Поскольку Леня Софронов женился и был всё время в Клину, с композитором был, как уже сказано, другой слуга, Назар, уступленный ему Модестом. Назар сознавал, сколь значительного хозяина послал ему Бог, и вел записи своего общения с Чайковским. Из записей Назара:
«— Ну, Назар», обратились ко мне и начали рассказывать…, как Герман покончил с собой. Петр Ильич говорили, что они плакали весь этот вечер, глаза их были в это время еще красны, они были сами совершенно измучены…».

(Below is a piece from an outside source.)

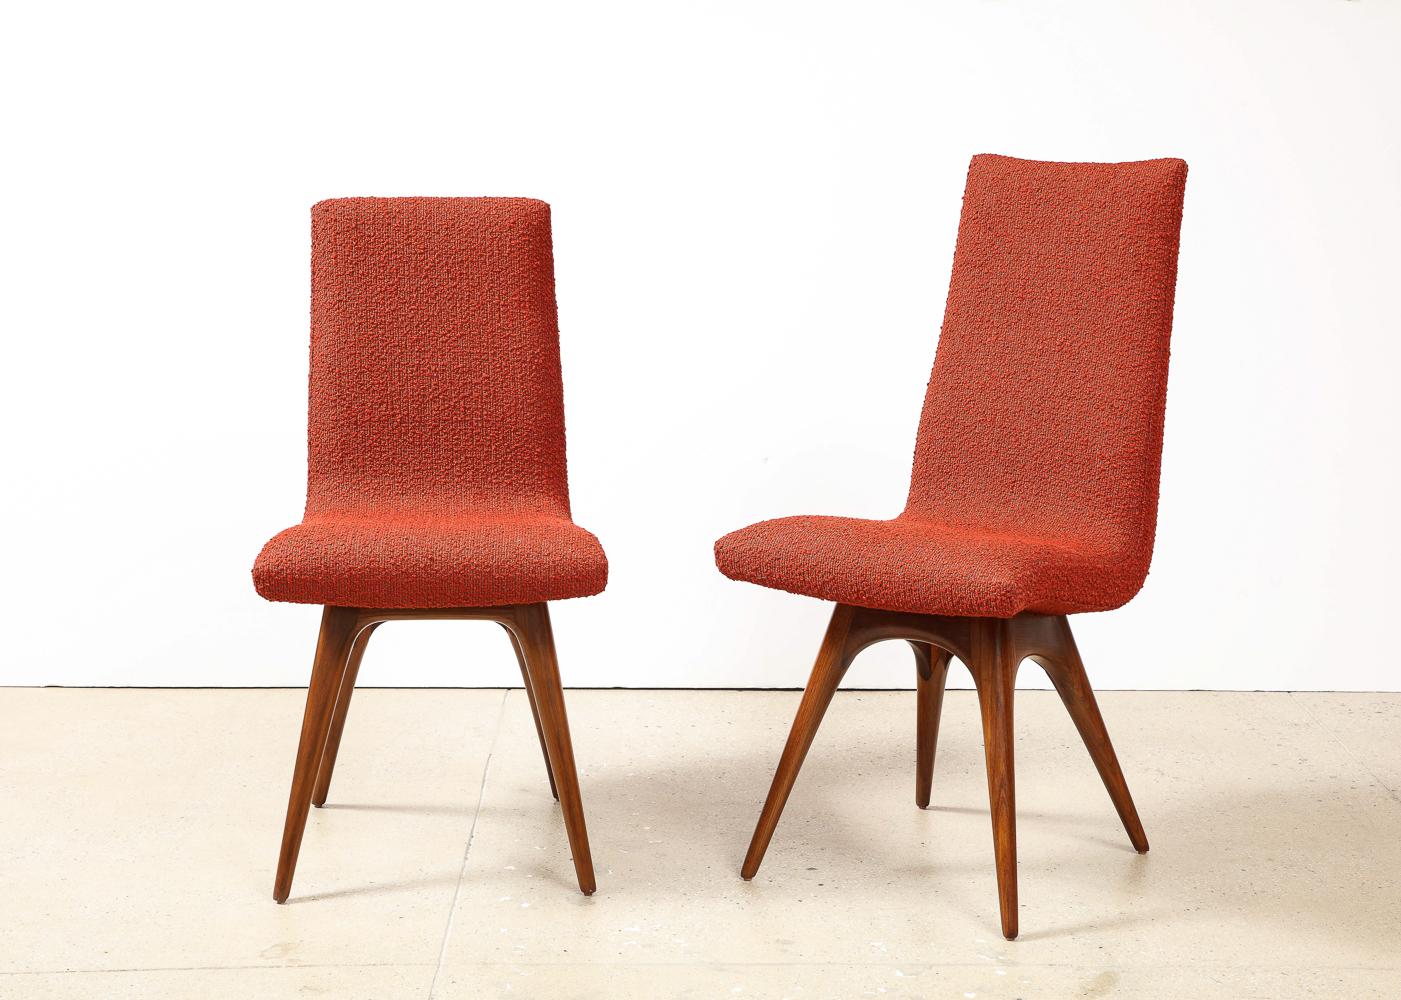 Set of 8 Nexus Dining Chairs by Vladimir Kagan.  Walnut, upholstery. 8 armless chairs including 2 taller chairs & 6 lower side chairs. Beautifully sculpted walnut bases. Upholstered in rust-red boucle.

Композитор явно чувствовал некую близость к Герману — этому авантюристу, который так сильно надеялся на помощь богатой и таинственной старухи, был поддержан ее колдовской силой и неожиданно обманут в своих надеждах. Это было так близко композитору, вероятно, потому, что именно в это время он пережил такое же разочарование в своих странных и немного мистических отношениях с фон Мекк. Нельзя отделаться от ощущения, что Пиковая дама, графиня, для него слилась с образом всегда далекой и утерянной навсегда старухи фон Мекк.
8. Шестая, «Патетическая»
В 90-е годы Чайковский, уже белый, как лунь в свои 50 с лишним лет, влюбился без памяти в своего племянника Владимира Давыдова, Боба, как звали его в семье, высокого статного курсанта училища правоведения. В своем завещании композитор передал Владимиру Львовичу Давыдову все авторские права на свои произведения.
Уезжая в Америку, он писал оттуда Бобу:
«Больше всего я думал, конечно, о тебе, и так жаждал увидеть тебя, услышать твой голос, и это казалось мне таким невероятным счастьем, что, кажется, отдал бы десять лет жизни (а я жизнь, как тебе известно, очень ценю), чтобы хоть на секунду ты появился, Боб! Я обожаю тебя».
В 1893 году он должен был получить мантию и диплом почетного доктора музыки в Кембриджском университете. По дороге в Кембридж пишет опять же Бобу:
«Я пишу тебе с каким-то сладострастием. Мысль, что эта бумажка будет в твоих руках, дома, наполняет меня радостью и вызывает слезы… Несколько раз вчера во время дороги я решился бросить и удрать, но как-то стыдно вернуться ни с чем. Вчера мои мучения дошли до того, что пропал аппетит, а это у меня редкость».
Боб милостиво принимал ухаживания дяди, однако в сексуальном плане был к нему вполне равнодушен, и Чайковский это знал. На деле Боб был все же гомосексуален или во всяком случае бисексуален. Это явствует из письма к нему, двадцатилетнему, влюбленной в него тетки Прасковьи, жены Анатолия Чайковского, не намного его старшей.
«… Раз я сидела среди общества, зашел разговор о тебе, я по обыкновению восторгалась тобой — на это мне отвечают, что ты таким только кажешься, а что многим ты омерзителен и что многие даже не захотят подать тебе руки… Я страшно была счастлива, когда заметила, что тебе нравлюсь; но когда в вагоне на мой вопрос, правда ли то, что про тебя говорят, ты ответил, что «может быть и то и другое» (т. е. и муж. и жен.)… и потом повторял несколько раз серьезно: «Я подлец» — еще большее сомнение насчет тебя запало во мне.